KOMPAS.com - Kredit perbankan bisa menjadi pilihan alternatif sumber pendanaan, ketika masalah keuangan menjadi kendala proses renovasi hunian. Beragam kredit renovasi terus ditawarkan, mulai kredit multiguna, kredit tanpa agunan, hingga kredit khusus renovasi dan lainnya.
Namun, karena kurangnya informasi lengkap, tak jarang orang berpikir dua kali untuk mengajukan kredit. Berikut ini 11 masalah yang kerap ditanyakan seputar kredit renovasi beserta solusinya:
1. Penghasilan kotor (total pendapatan termasuk gaji pokok) tidak mencukupi untuk pengajuan dana minimum kredit dari bank.
Solusinya, Anda perlu menggabungkan penghasilan pasangan atau joint income, sehingga penjumlahan penghasilan tersebut dapat memperoleh penghasilan besar.
Selain itu, Anda dapat menambah jangka waktu kredit hingga angsuran menjadi lebih kecil.
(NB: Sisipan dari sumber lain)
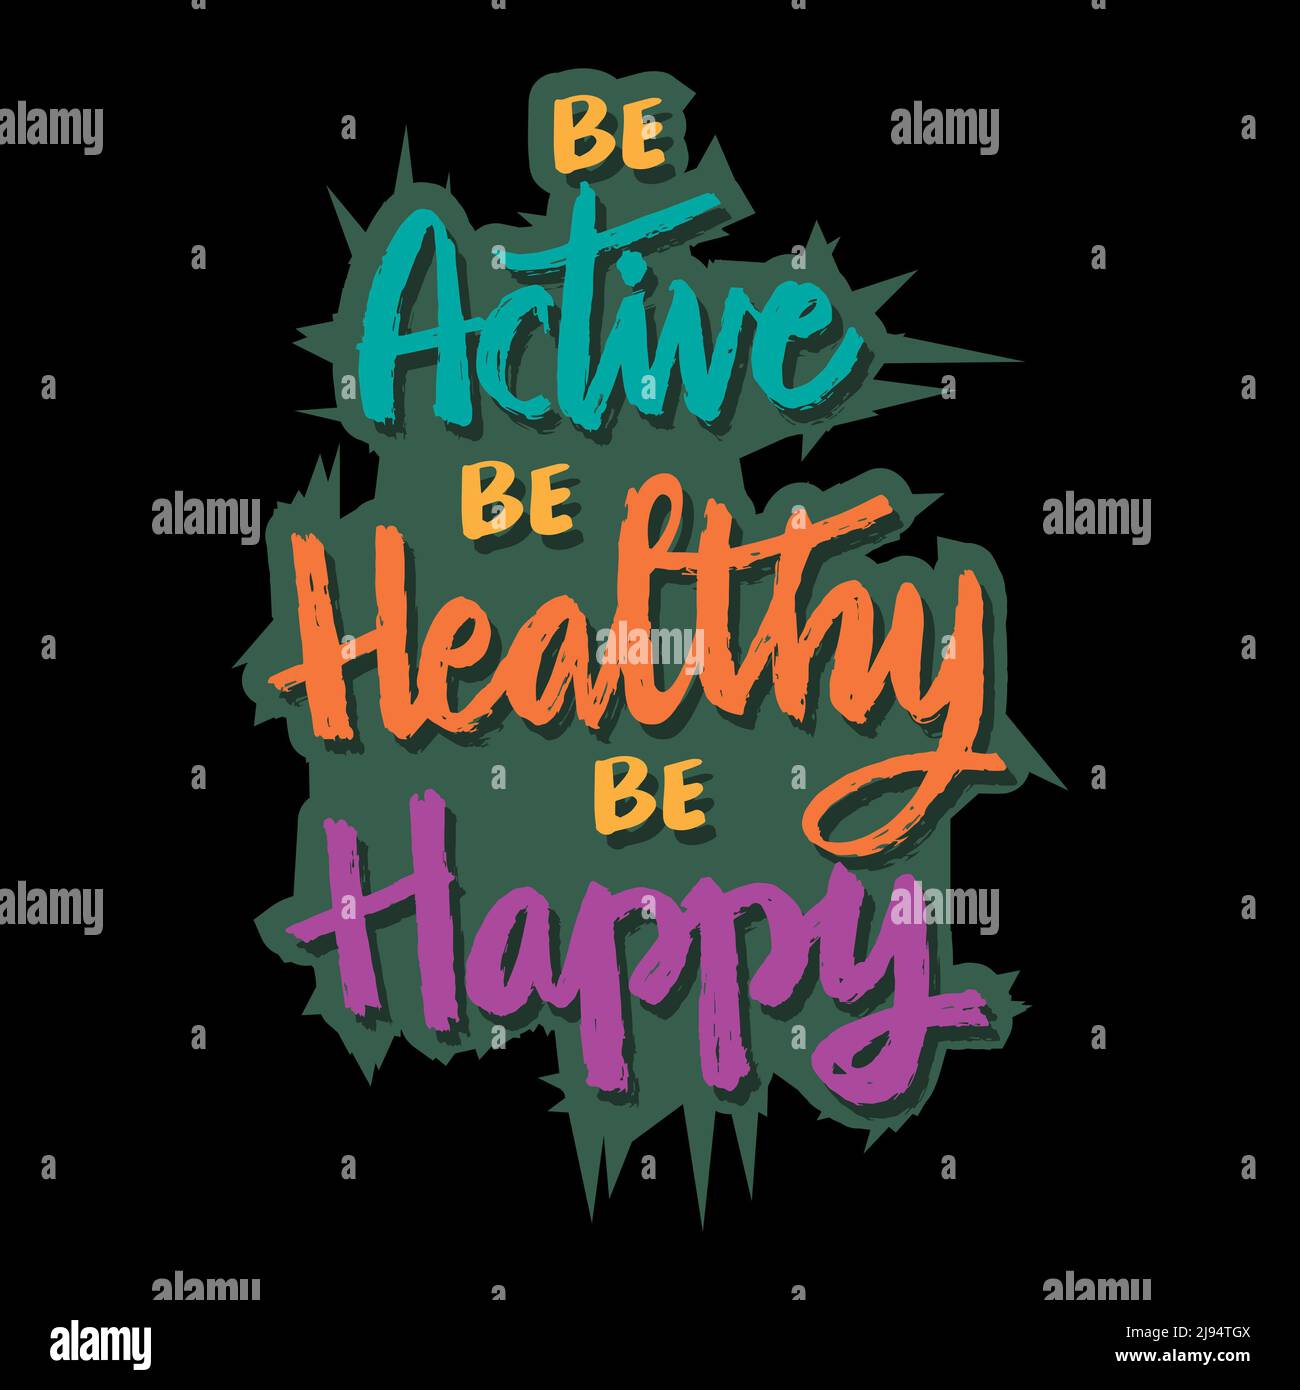 Be active, be healthy, be happy. Poster quotes. Stock Photo

Misalnya, jika jangka waktu peminjaman 10 tahun dengan besaran angsuran mencapai Rp 5 juta, maka pilih pinjaman dengan jangka waktu 20 tahun dengan cicilan sekitar Rp 3 juta.
2: Fluktuasi suku bunga tidak tetap (floating)
Masalah ini menyebabkan cicilan angsuran membengkak, misalnya pada saat terjadi inflasi. Solusinya, Anda bisa memonitor perubahan suku bunga pada angsuran Anda. Saat perubahan terlalu tinggi dari bunga pasar, sebaiknya Anda pindah ke bank yang menerapkan suku bunga lebih rendah.
Ada baiknya Anda memilih bank yang menggunakan suku bunga tetap, sehingga tidak terpengaruh inflasi, misalnya bank syariah. Angsuran akan bersifat tetap selama proses peminjaman lunas. Namun, jika saat suku bunga turun, angsuran tetap akan tinggi.
3. Seringkali kredit renovasi hanya diartikan sebagai penambahan atau perbaikan bagian rumah
Solusinya, Anda dapat mengajukan pinjaman dalam bentuk kredit konstruksi, bukan renovasi. Persyaratannya sama dengan KPR rumah sudah jadi, kavling siap bangun, dan siap huni dari developer. Bedanya, syarat pengajuan kredit ditambah dengan Rencana Anggaran Biaya (RAB).